Bagikan:
Bagikan:
Eduwara.com, JOGJA - Peneliti Pusat Studi Keamanan dan Perdamaian (PSKP) Universitas Gadjah Mada (UGM), Eric Kaunan, menilai Indonesia membutuhkan pengajaran pendidikan perdamaian sejak dini. Sayangnya, belum ada kurikulum yang menjembatani hal tersebut pada level sekolah dasar bahkan sampai sekolah menengah.
Hal ini dipaparkan Eric saat Diskusi Pojok Bulaksumur bertajuk ‘Pengalaman Resolusi Konflik dan Perdamaian dalam Konteks Masa Depan Demokrasi Indonesia’.
“Saat ini pemerintah dan masyarakat bisa belajar banyak banyak mengenai pengalaman dalam pengelolaan, resolusi, dan intervensi terhadap konflik. Karenanya, pendidikan perdamaian perlu diajarkan sejak dini, agar konflik dan tragedi yang pernah terjadi di masa lalu tidak terulang kembali,” terang Eric Kaunan seperti dilansir pada Senin (2/12/2024).
Upaya mempertahankan perdamaian dalam berdemokrasi sangat dibutuhkan pendidikan perdamaian diajarkan sedini mungkin. Namun, meskipun pendidikan perdamaian ini sangat penting ditanamkan sejak kecil, belum ada kurikulum yang menjembatani hal tersebut pada level sekolah dasar bahkan sampai sekolah menengah.
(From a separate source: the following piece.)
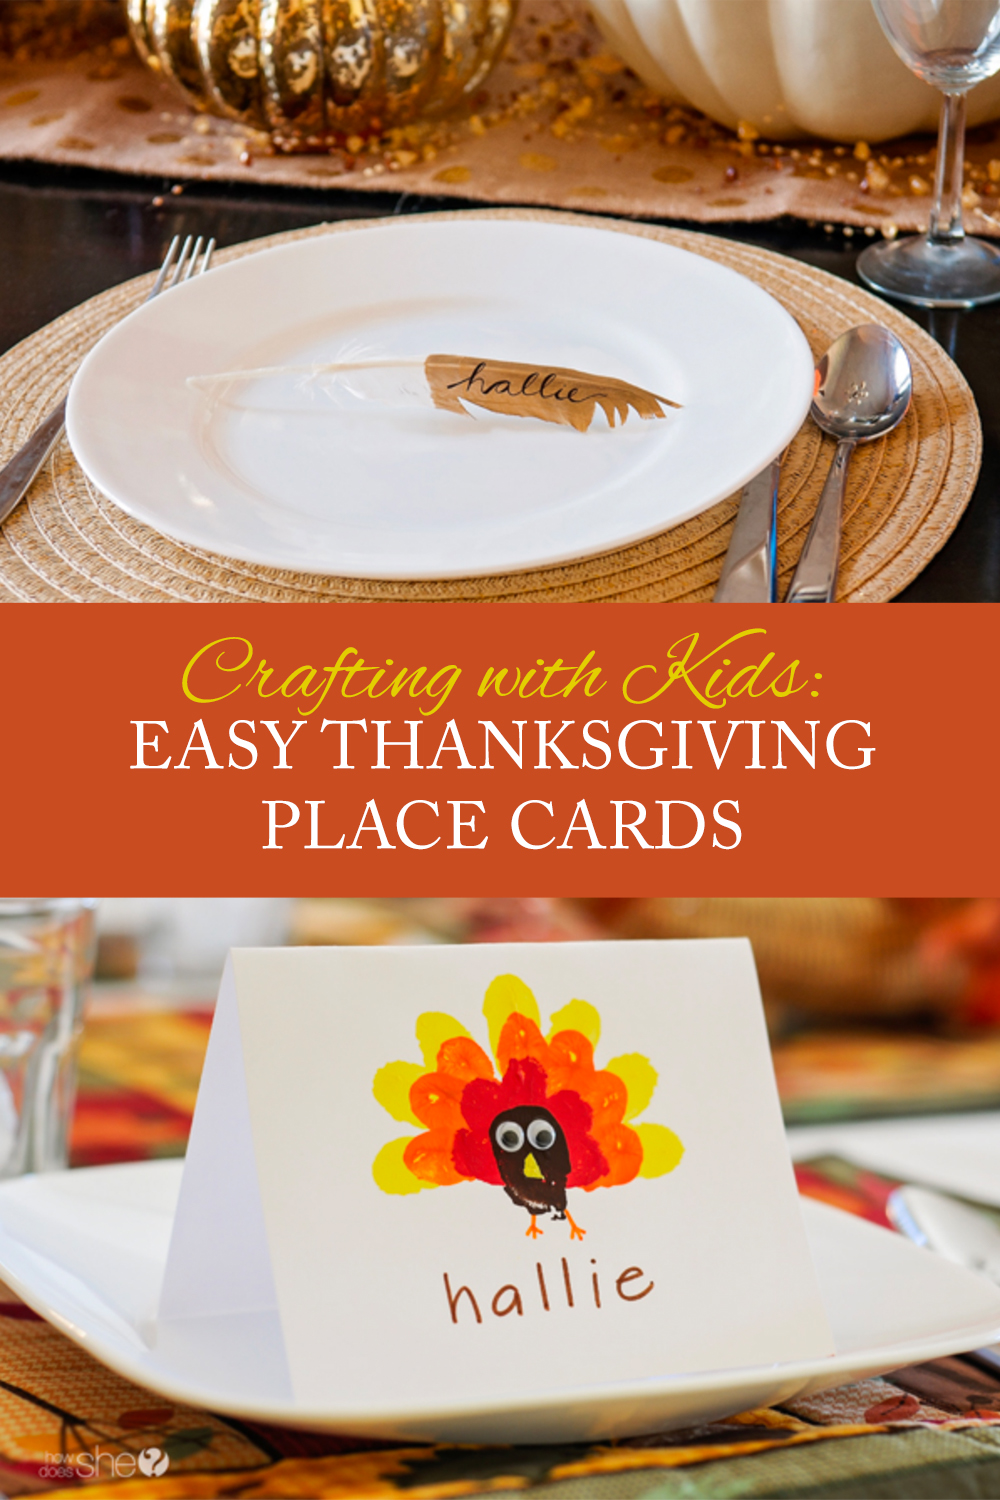 Crafting with Children: Straightforward Thanksgiving Place Playing cards | Digital Noch

“Ada pun pada jenjang pendidikan tinggi, hanya diajarkan pada beberapa mata kuliah pilihan saja. Besar harapan kami, proses perdamaian ditanamkan sejak kecil,” katanya.
Pendidikan Kewarganegaraan
Sasaran utama dari pendidikan sejak dini adalah para calon generasi muda yang akan menjadi agen perdamaian pada masa mendatang. Menurutnya, potensi-potensi konflik dapat muncul dari mana saja, oleh karena itu fokusnya saat ini adalah mengembangkan media digital selain dari sumber konflik namun juga sebagai sumber perdamaian.
Ia mengharapkan tantangan-tantangan yang ada terkait hal tersebut dapat melahirkan gagasan-gagasan serta kebijakan-kebijakan baru yang dapat menguatkan perdamaian baik secara nasional maupun internasional.
Eric berpendapat mata kuliah Pendidikan Kewarganegaraan sebagai upaya pembentukan perdamaian, seharusnya dapat diaplikasikan dan tak hanya berakhir di ruang-ruang kelas saja. Hal ini perlu diperkuat dengan adanya peran-peran tokoh masyarakat yang dapat menghubungkan gagasan-gagasan secara lebih luas kepada masyarakat.
“Setiap orang pun dapat menjadi tokoh, tergantung dengan values apa yang mereka bangun,” katanya.
Sosiolog UGM Arie Sujito menekankan bangsa Indonesia memiliki ruang yang cukup besar dalam mengelola kemajemukan dalam masyarakat sebagai modalitas. Hal tersebut yang akan menjadi titik tumpu demokrasi, yang dalam prosesnya tentu akan menemukan banyak konflik dari berbagai banyak lapisan dan kepentingan.
“Kemudian dari dinamika yang beragam tersebut, ada pola-pola yang dapat dipelajari. Itu tentu semestinya dapat diolah agar demokrasi tetap baik,” jelasnya.
Menurutnya, dalam upaya pencarian resolusi konflik seharusnya tak boleh ada kekerasan dalam proses penengahan konflik, terlebih pada saat demonstrasi.
“Demonstrasi tak seharusnya dijadikan suatu pertentangan namun upaya untuk menyelesaikan masalah,” katanya.